# C-Media Oxygen HD CMI8788 snd-virtuoso

## far0k

I have spent some time getting the snd-virtuoso ALSA module built in preparation for my ASUS Xonar arriving shortly.  As per Clemens's wiki page linked to below the driver has had a re write and the latest fixes are only currently available in the ALSA Hg repository:

http://www.alsa-project.org/main/index.php/User:ClemensLadisch

What I did:

I modified media-sound/alsa-driver/alsa-driver-9999.ebuild to include virtuoso (change this to oxygen for all cards except Xonar (or add both..)) in the IUSE_CARDS section:

...

IUSE_CARDS="virtuoso...

I then copied this to my local portage overlay and named it alsa-driver-99999.ebuild and also took a copy of portage's media-sound/alsa-headers/alsa-headers-9999.ebuild to my local alsa-headers-99999.ebuild.

I then added ALSA_CARDS="virtuoso" to my make.conf and added media-sound/alsa-headers ** and media-sound/alsa-driver ** to my package.keywords.

I then spent a lot of time trying to build the hr ALSA against various gentoo kernels (2.6.22* - 2.6.23*) with no luck.  In the end I tried linux-2.6.24-rc6-git12 and the modules built first time.

As per the wiki linked to I have replace the files CMI8788.conf and aliases.conf in /usr/share/alsa/cards/.

The modules are loaded fine and I am waiting for the card to arrive along with some new headphones.

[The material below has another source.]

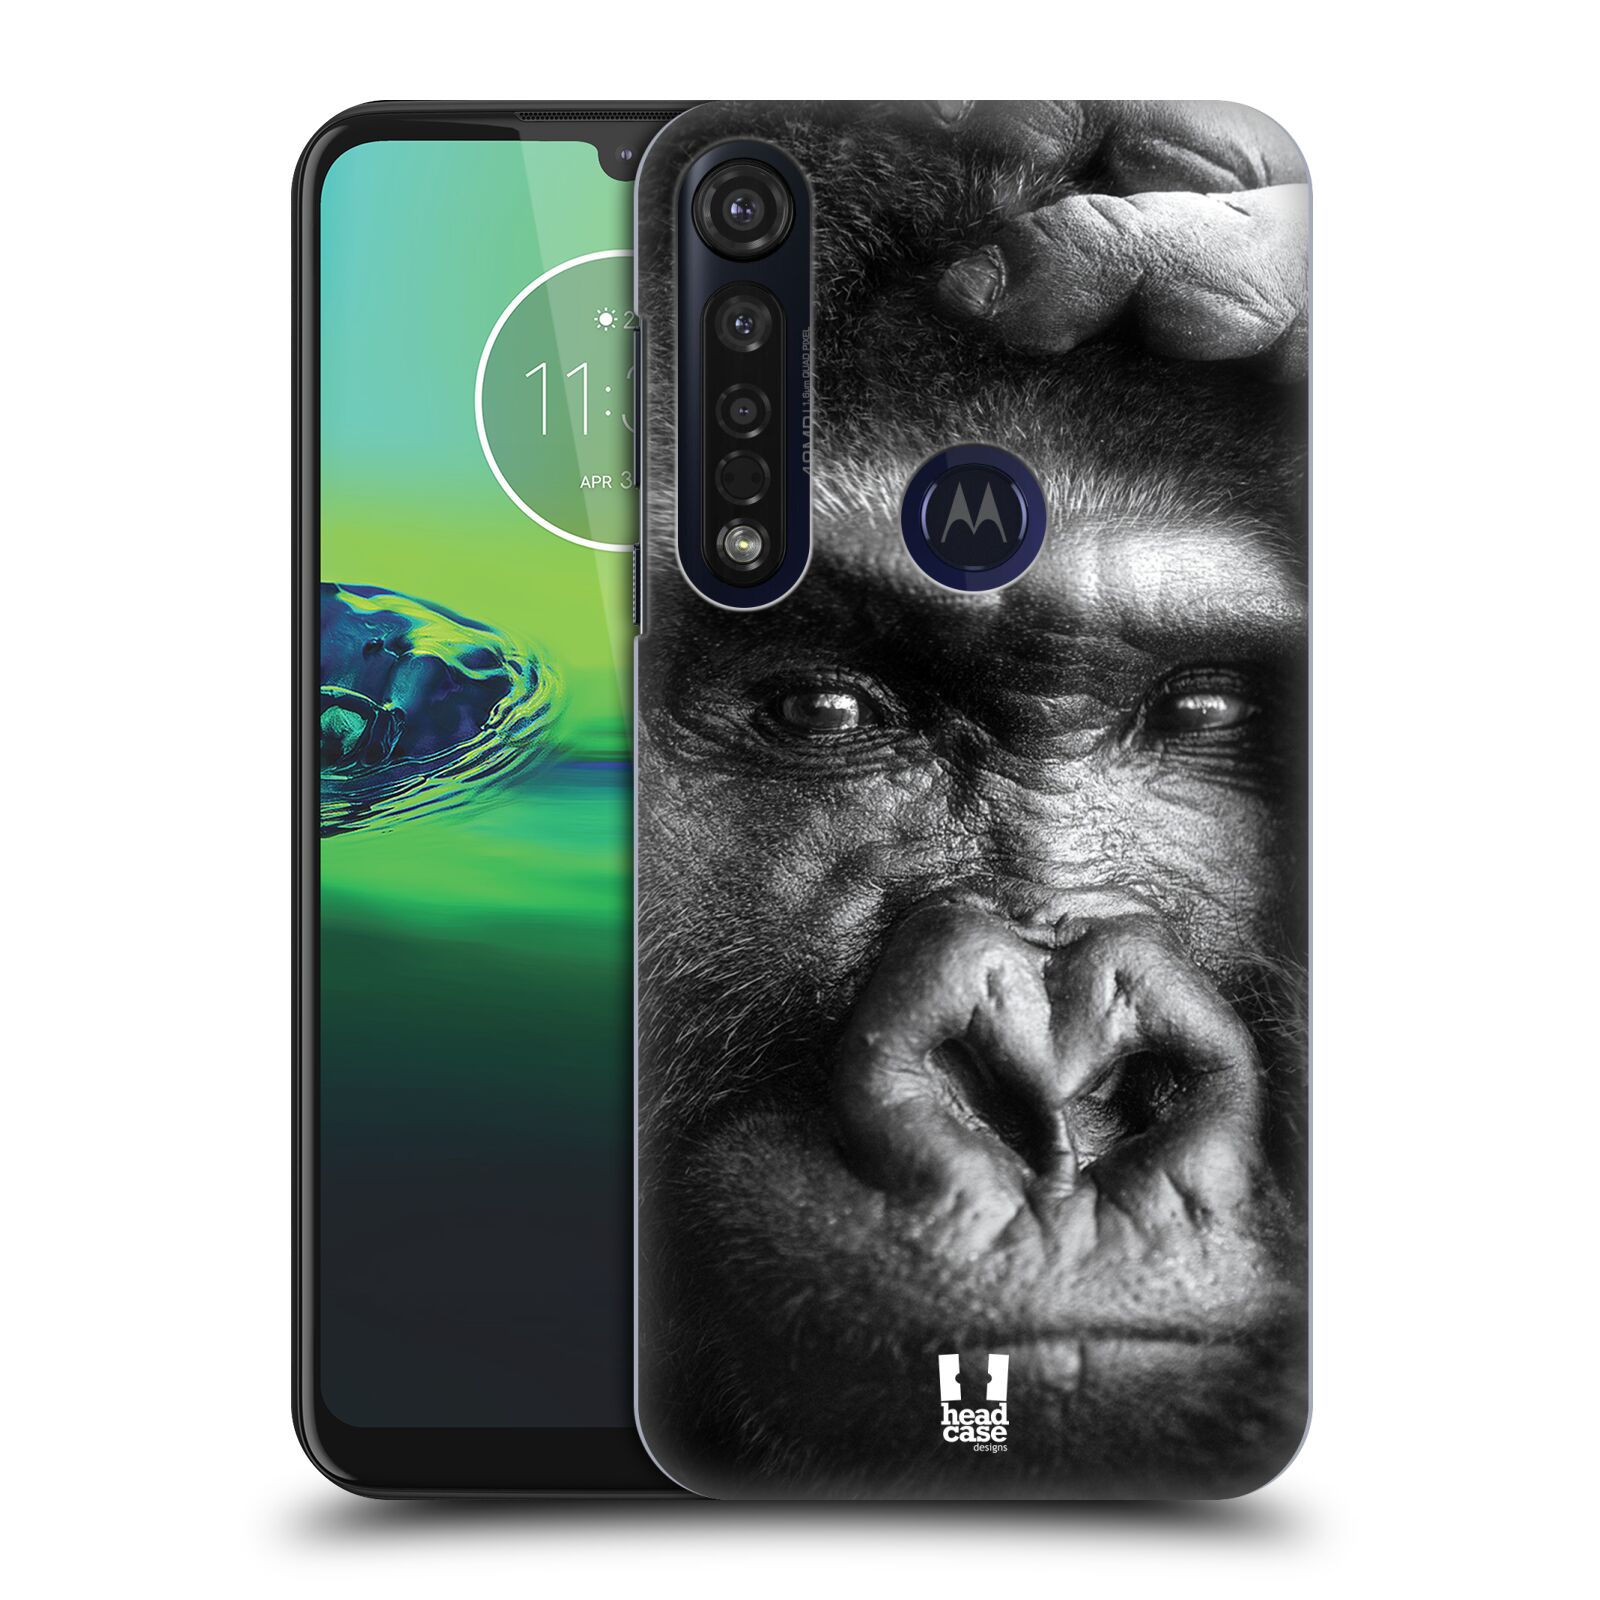 Pouzdro na mobil Motorola Moto G8 PLUS - HEAD CASE - vzor Divočina, Divoký život a zvířata foto GORILA TVÁŘ

I will let you know how it sounds!

Following the alsa-driver section of this guide should fill in the blanks if my notes do not make much seance! http://www.gentoo.org/doc/en/alsa-guide.xml

----------

## chix4mat

Have you received the card and tested it out yet? I have a PCI-E version of the Xonar and have been unable to get it functioning. KMix shows PCM as the lone volume control and no sound emits whatsoever. I'd be interested in knowing whether or not you have yours working yet.

----------

## far0k

Hi chix4mat

My output is working fine at the moment although I still need to have a play around to get the mic/line in going.  Check what your alsamixer says... It should report:

Card: Asus AV200

Chip: AV200

and have 4 PCMs controls, one Mic Boost, IEC958, Analog Loopback and Stereo Upmixing.

If it does not I would run alsaconf again or check your /etc/modules.d/alsa to make sure it is correctly configured.

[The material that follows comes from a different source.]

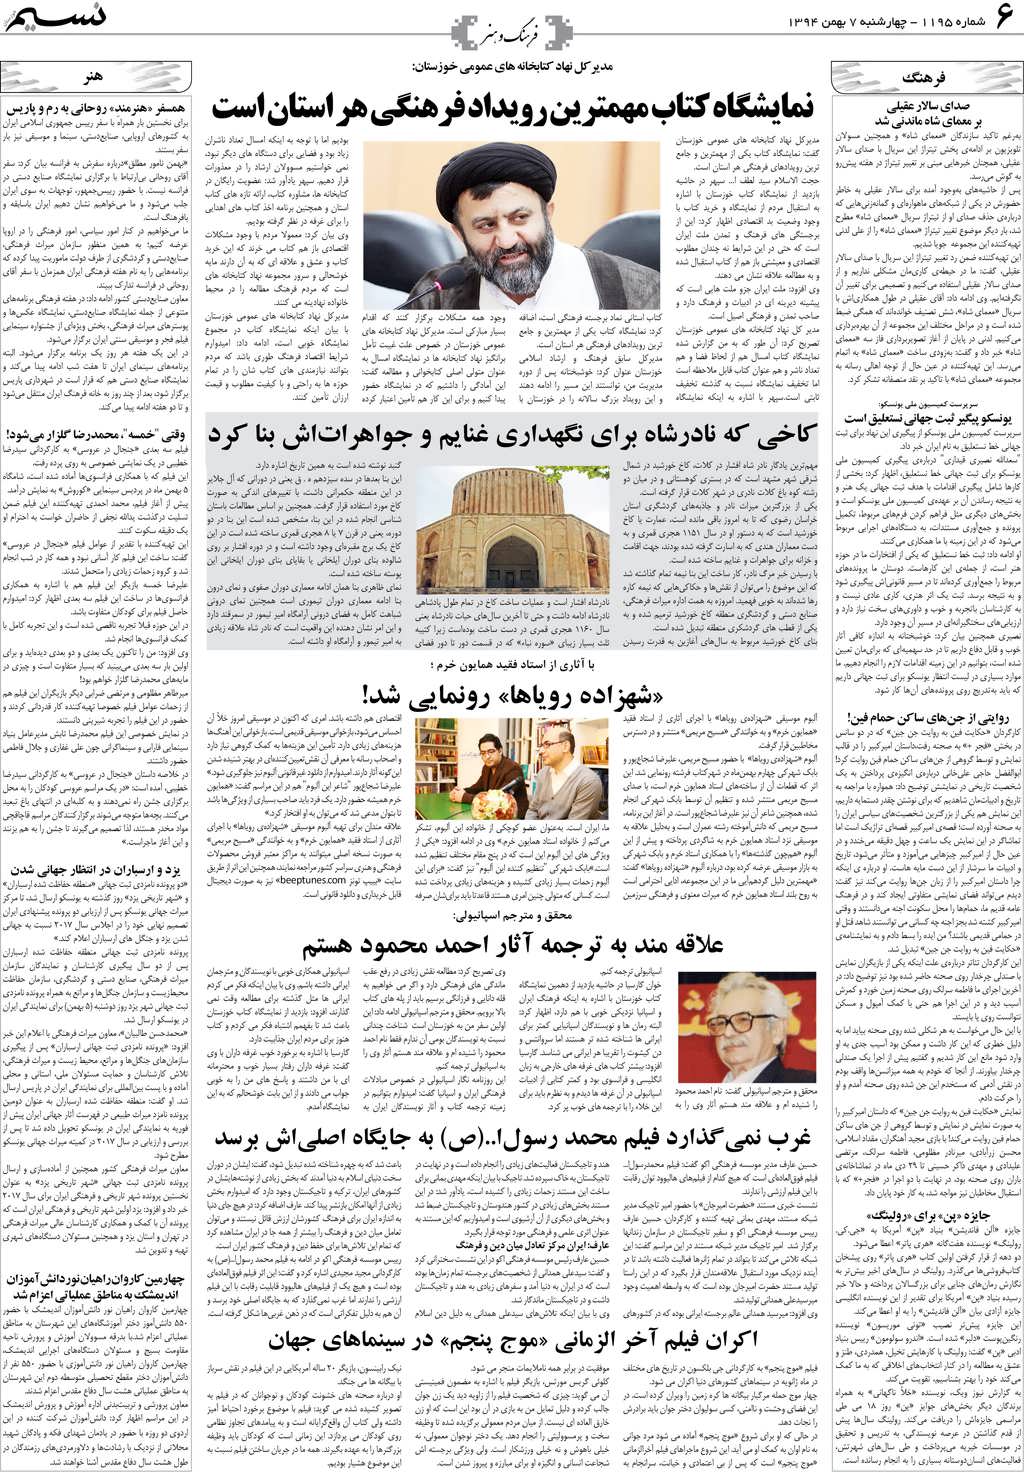 صفحه فرهنگ و هنر روزنامه نسیم شماره 1195

You should see snd_virtuoso in your lsmod if all is configured correctly.

I will let you know when I get input working.

----------

## chix4mat

Hi far0k, 

As it turns out, I am an idiot and forgot to plug in the 4-pin power connector to the card. I have one PCM control in KMix, along with CD/Mic/AUX under Input and Line/Mic Boost/IEC958 under Switches. Do you have the PCI version? I am just curious why you have more than one PCM control. 

Not too concerned  right now though as the sound is superb as is right now. I only have cheap headphones (better ones en route) and can't believe the difference. It's good to know that Linux users have choice in sound cards now, haha.

----------

## far0k

I forgot the PCIe version needed power to convert from PCI to PCIe.  I got sound input working.  It turned out that "Gnome ALSA Mixer" shows the Mic/Line switch which alsamixer does not.  Switched it over to mic and now that is working fine.

----------

## chix4mat

Ahh good to hear. I had no idea that different mixers would read things differently... good to know. I checked out ALSA Mixer and it detected all four PCM dials... so KMix doesn't seem like the ideal choice either.

----------

## far0k

Yer it is quite strange.  gnome-alsamixer seem to be the man.  It covers all the switches and levels that I expected to see so am going to stick with that for now.  I will keep an eye on the ALSA hr for any new oxygen/virtuoso bits and see how they effect various mixes.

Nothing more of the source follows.